How to extract invoice data with LLM

Quick answer
Use a structured prompt with a chat.completions.create call to an LLM like gpt-4o to extract invoice fields. Provide the invoice text and a clear extraction schema in the prompt, then parse the JSON response for fields like invoice number, date, and total amount.

PREREQUISITES

  • Python 3.8+
  • OpenAI API key (free tier works)
  • pip install openai>=1.0

Setup

Install the official openai Python SDK and set your API key as an environment variable.
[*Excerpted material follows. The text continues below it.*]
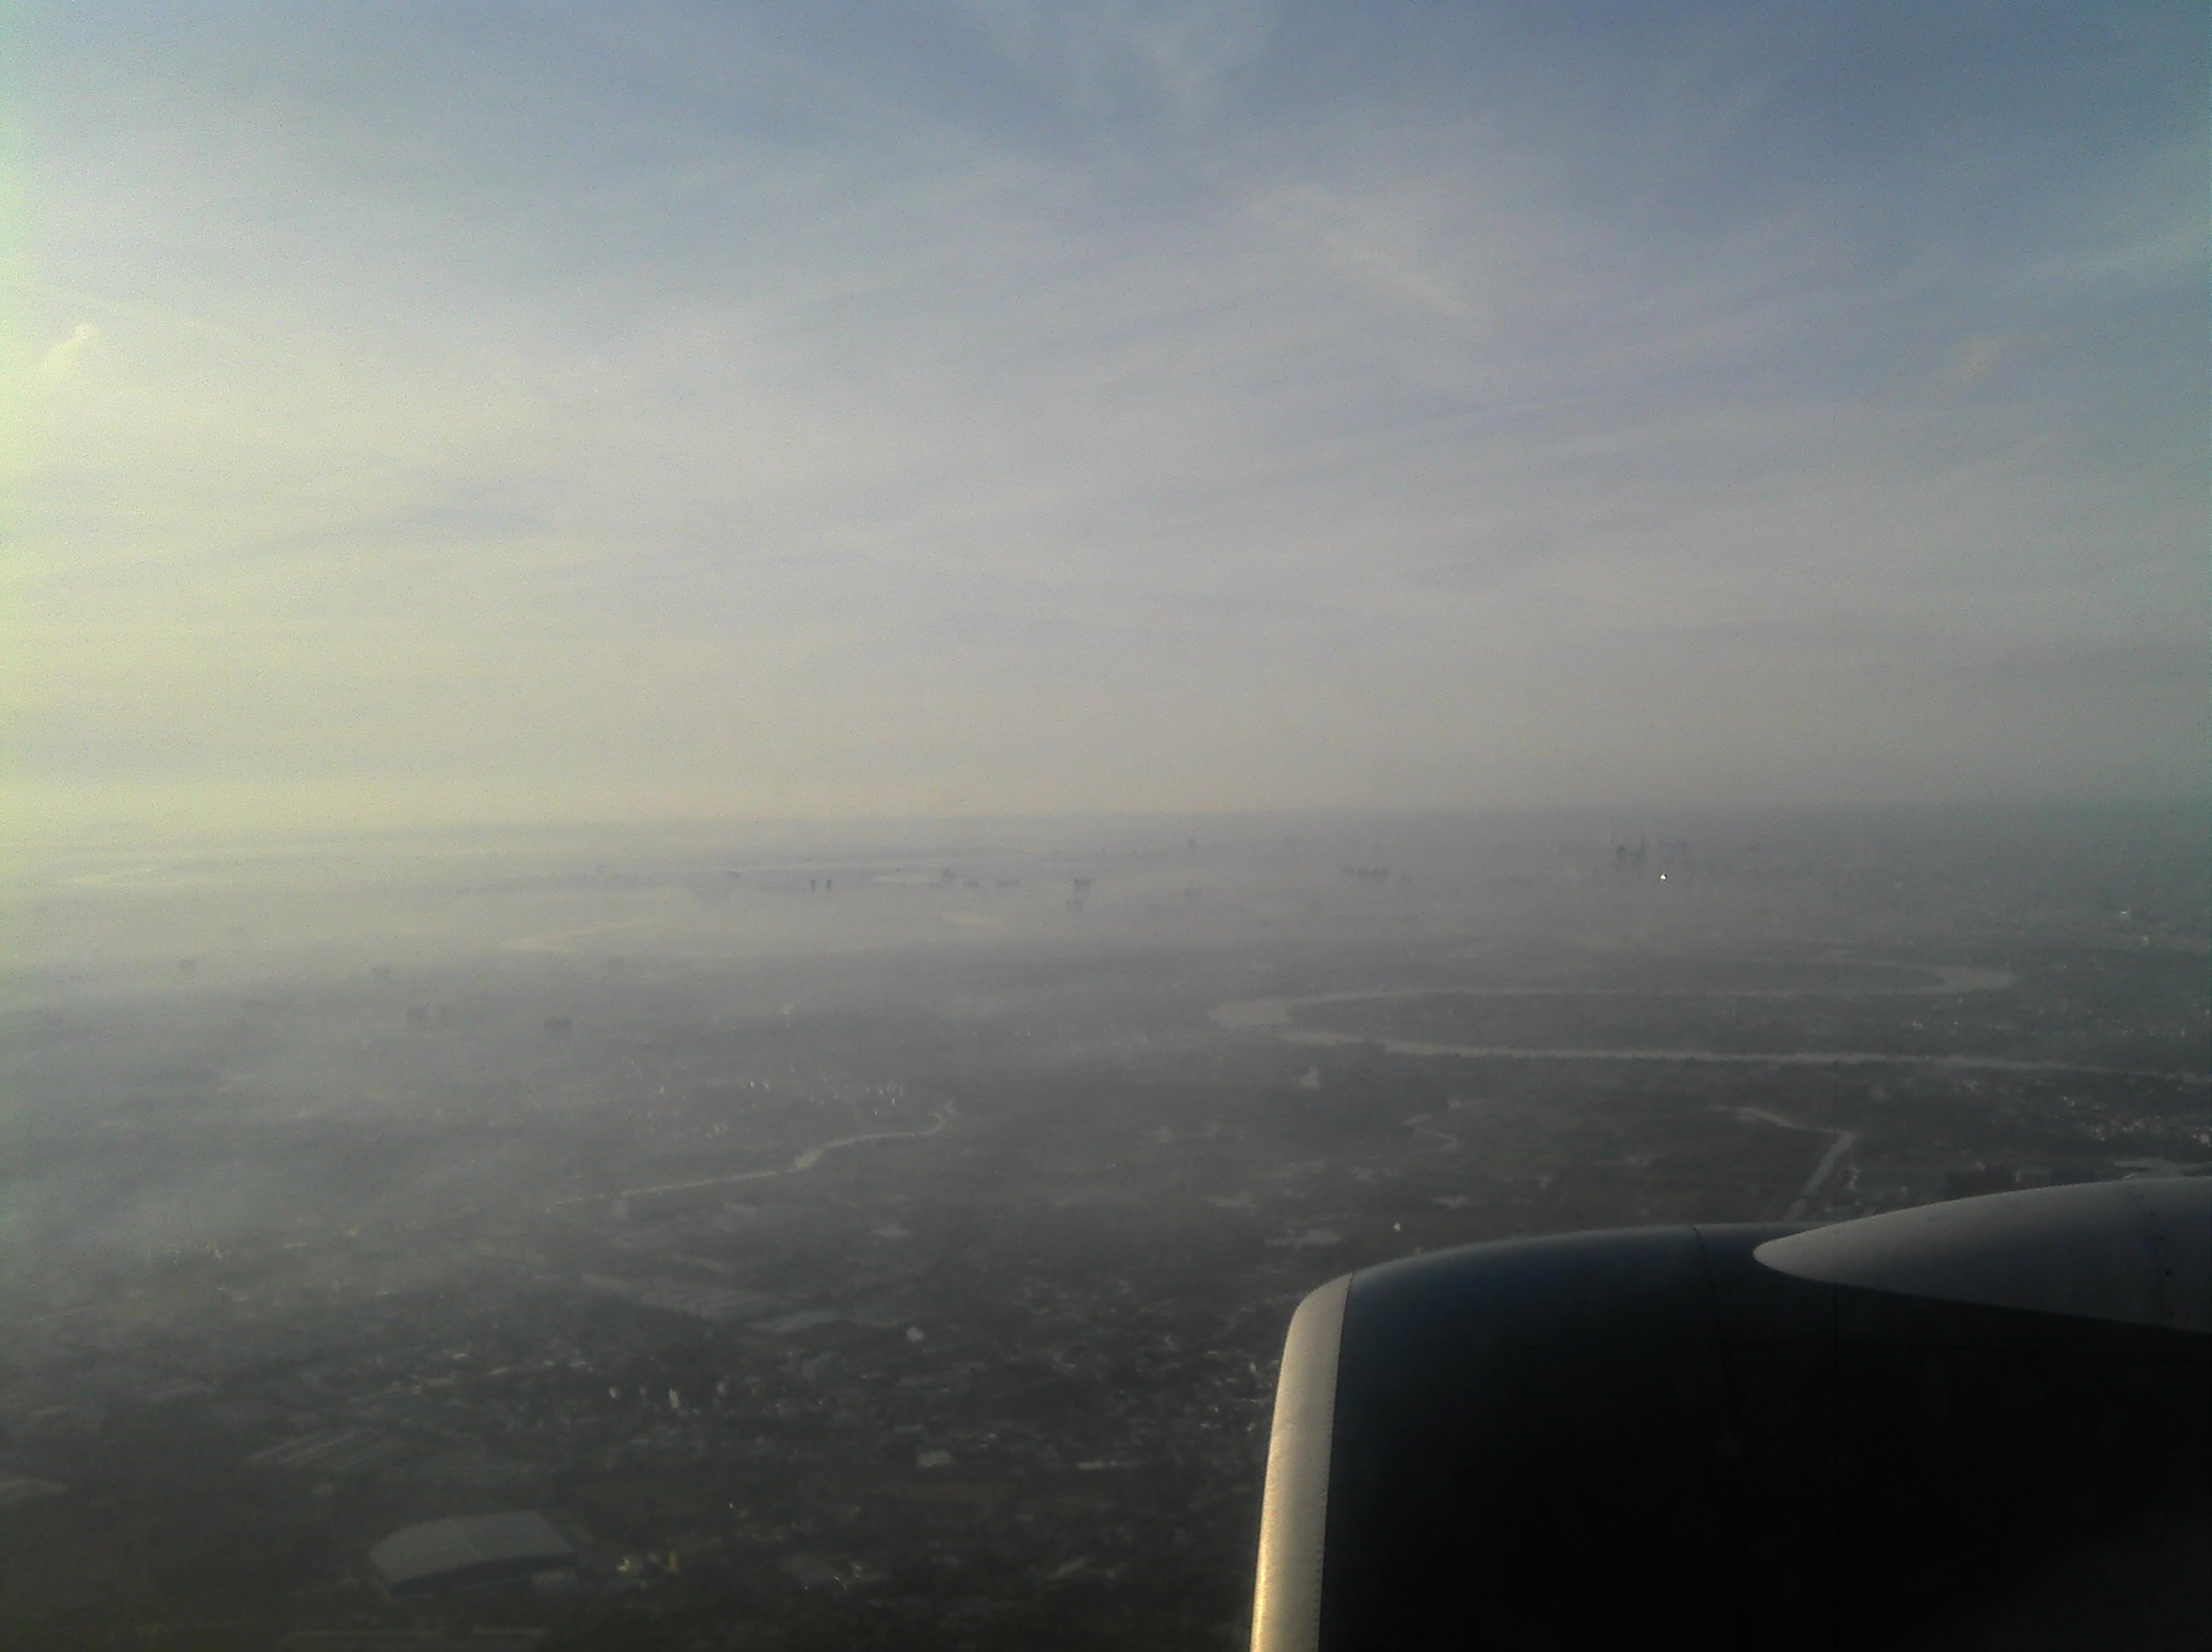 Saigon from the air

  • Install SDK: pip install openai
  • Set environment variable: export OPENAI_API_KEY='your_api_key' (Linux/macOS) or setx OPENAI_API_KEY "your_api_key" (Windows)
bash
pip install openai
output
Collecting openai
  Downloading openai-1.x.x-py3-none-any.whl (xx kB)
Installing collected packages: openai
Successfully installed openai-1.x.x

Step by step

This example shows how to extract key invoice data fields by sending the invoice text to gpt-4o with a prompt requesting JSON output. The response is parsed to access structured data.

python
import os
import json
from openai import OpenAI

client = OpenAI(api_key=os.environ["OPENAI_API_KEY"])

invoice_text = '''
Invoice Number: INV-12345
Date: 2026-03-15
Bill To: Acme Corp
Total Amount: $1,234.56
'''

prompt = f"""Extract the following fields from the invoice text below as JSON with keys: invoice_number, date, bill_to, total_amount.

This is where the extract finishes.